Sin duda. Este tema es especialmente importante en las primeras y últimas fases de nuestra vida, en las que somos especialmente vulnerables a la enfermedad. Afortunadamente, en España podemos presumir de tener una de las mejores dietas del mundo, la Mediterránea, que es beneficiosa para prevenir las enfermedades cardiovasculares y patologías asociadas al envejecimiento, como las cognitivas o neurológicas.

 

¿Es preciso incidir en que se trata de comer bien y no comer mucho? Porque uno de nuestros grandes problemas es la obesidad que aumenta el riesgo cardiovascular, resistencia a la insulina y síndrome metabólico ¿no?

Según datos de la Fundación Española del Corazón, el número de personas con obesidad se ha triplicado en los últimos cuarenta años, siendo cada vez más alarmante esta patología en la infancia.

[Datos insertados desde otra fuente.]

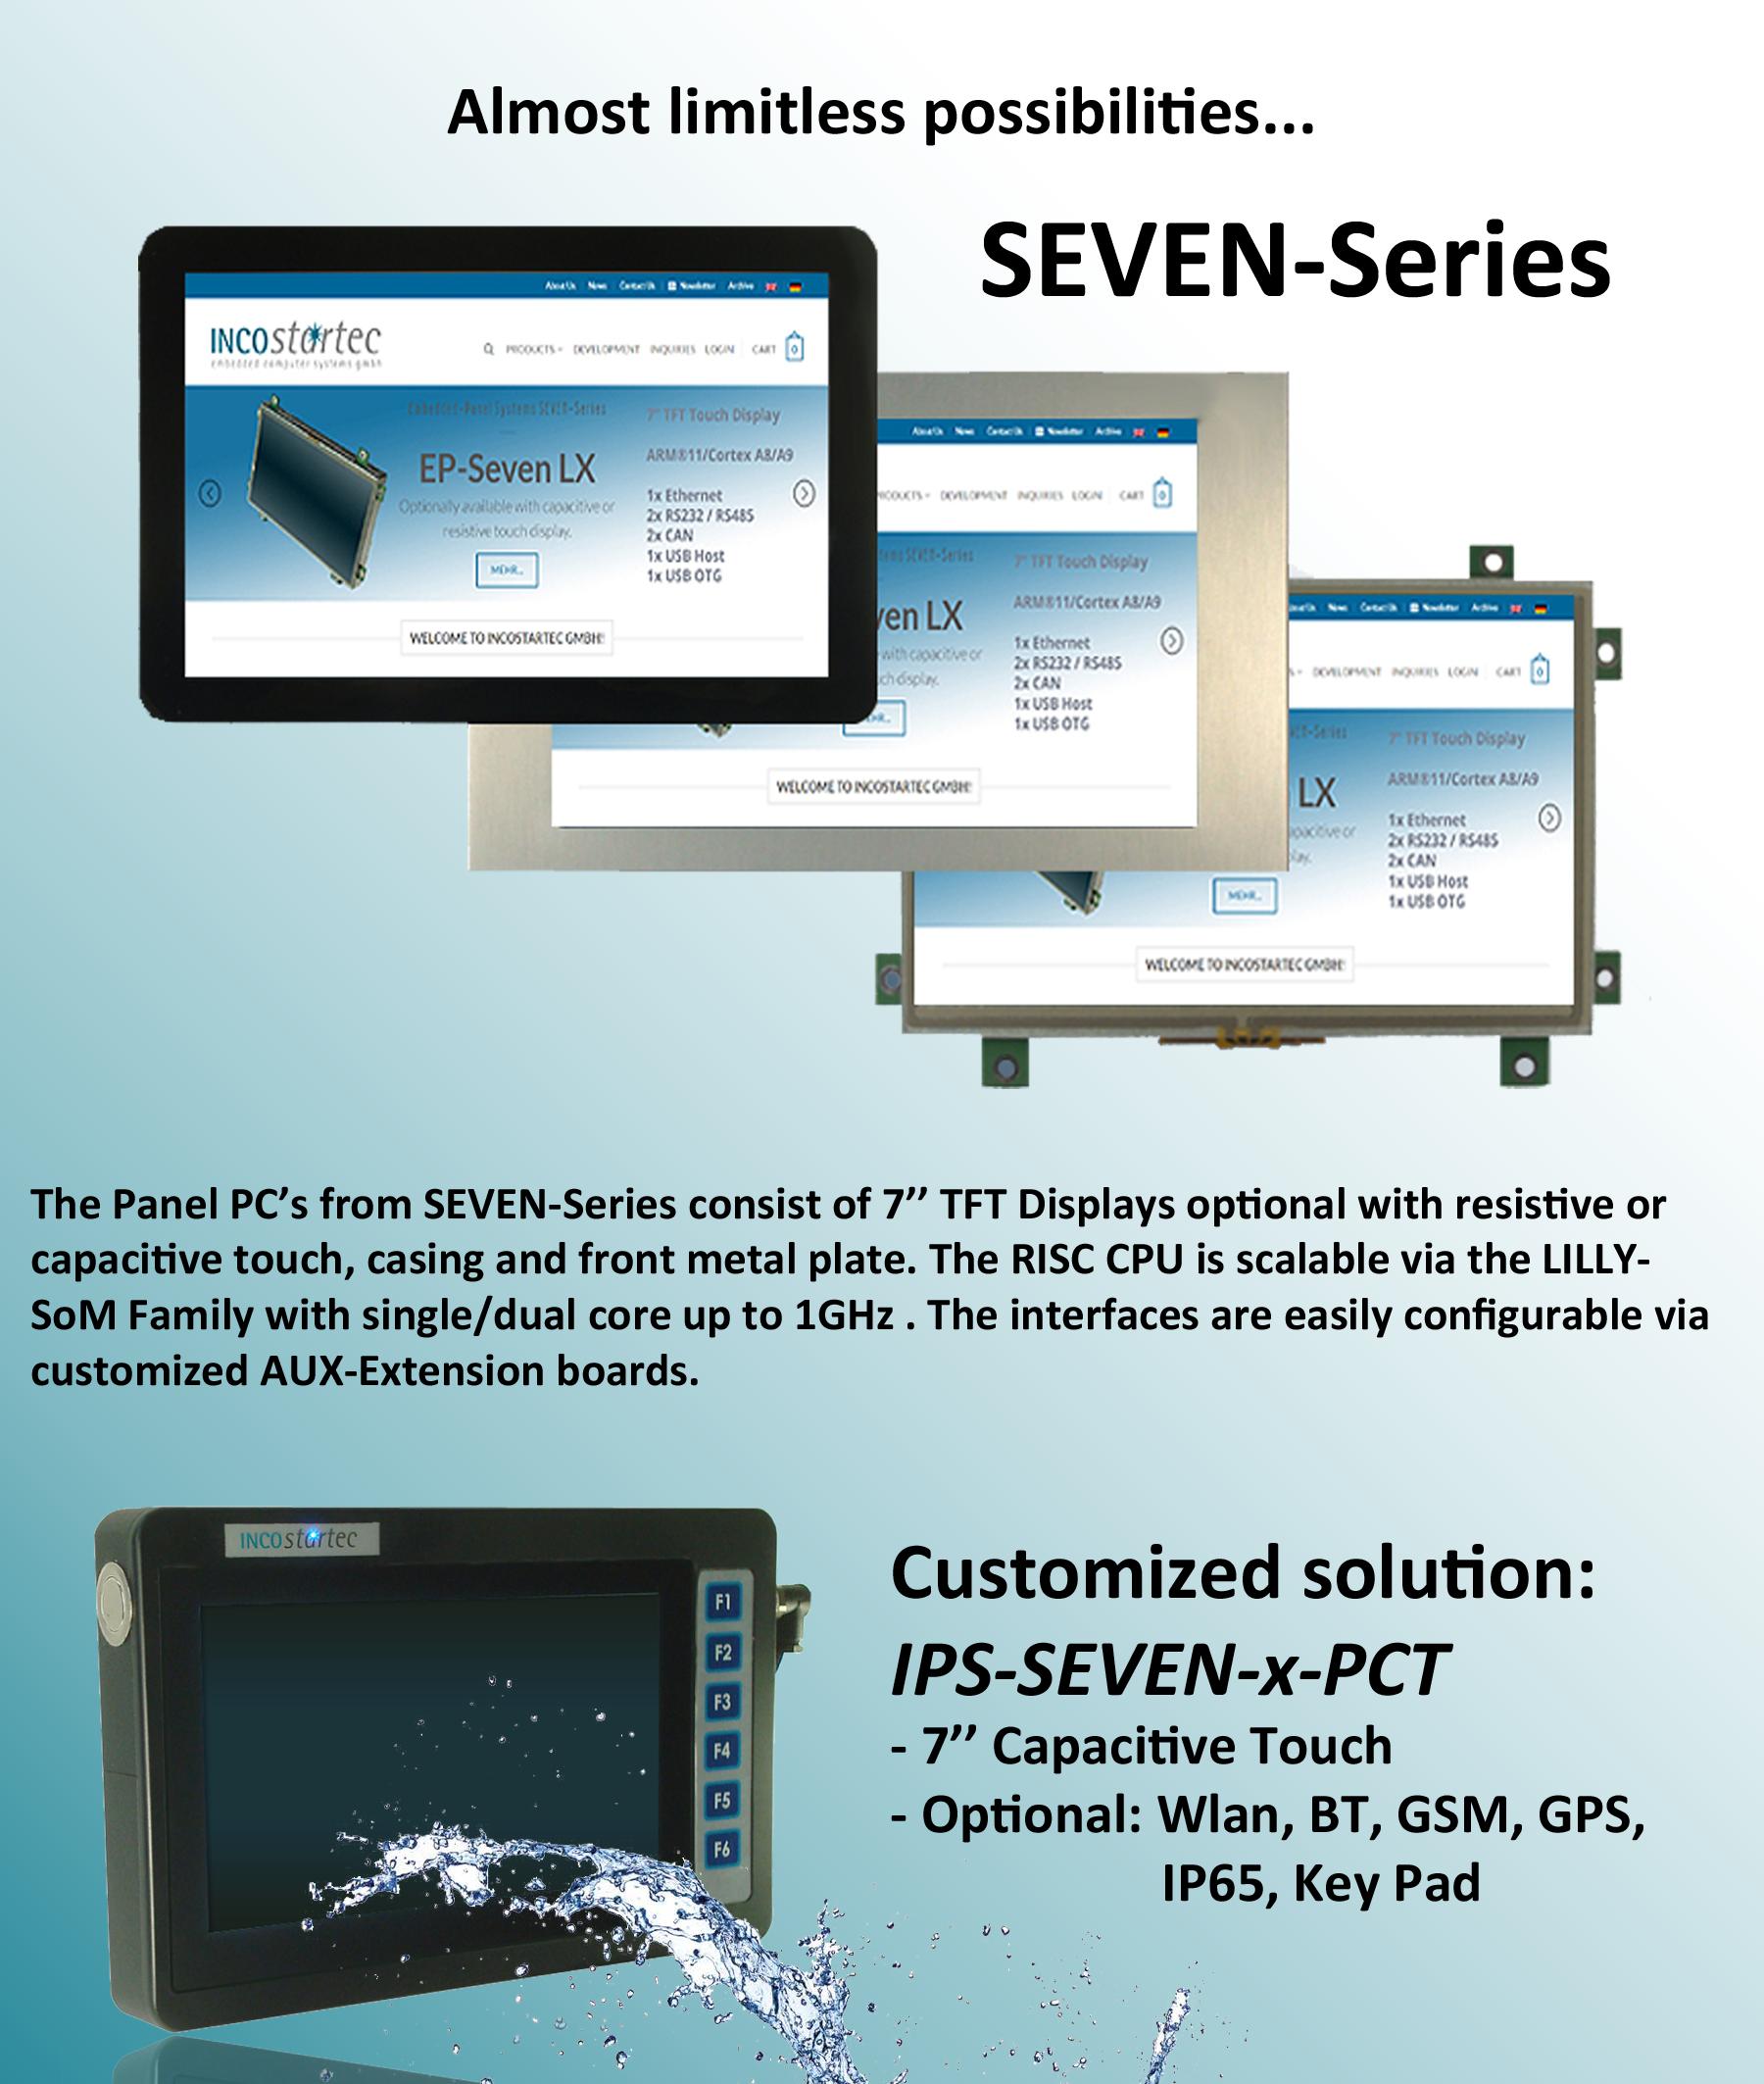 Seven-Series
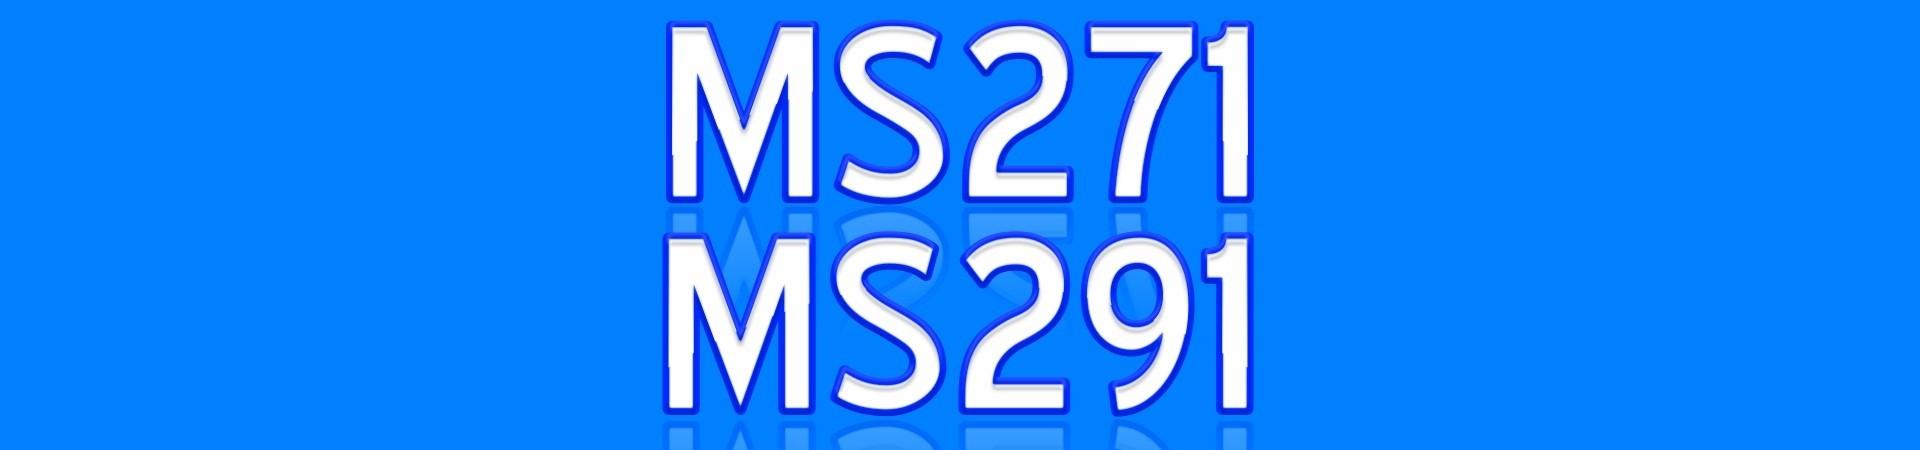 REPUESTOS para Motosierra STIHL MS271 MS291

Por ello es fundamental, la educación sobre factores de riesgo modificables, como la obesidad —derivada de una inadecuada alimentación y del sedentarismo— el alcohol, el tabaco o la calidad del aire.

 

Una buena alimentación, ¿de qué manera ayuda a la sostenibilidad del planeta?

Cuando hablamos del impacto de la alimentación en el medioambiente, se debe hacer un análisis del “ciclo de vida” de un producto: el uso de insecticidas en el cultivo de alimentos puede resultar tóxico y peligroso en algunos casos; el transporte de alimentos, que está siendo muy revisado, con el objetivo de encontrar alternativas que reduzcan el impacto medioambiental; la utilización excesiva de envases para la conservación de los alimentos; y el desperdicio de los alimentos, que genera una gran cantidad de residuos.

En este sentido, las empresas, ya sea por obligaciones derivadas de su normativa nacional o por exigencias del mercado, están evolucionando hacia modelos mucho más sostenibles, empleando variables como la reducción de la huella de carbono, el análisis del ciclo de vida del producto y, especialmente, por una orientación hacia un modelo de economía más circular, tal y como Miguel Aguado analiza en el informe.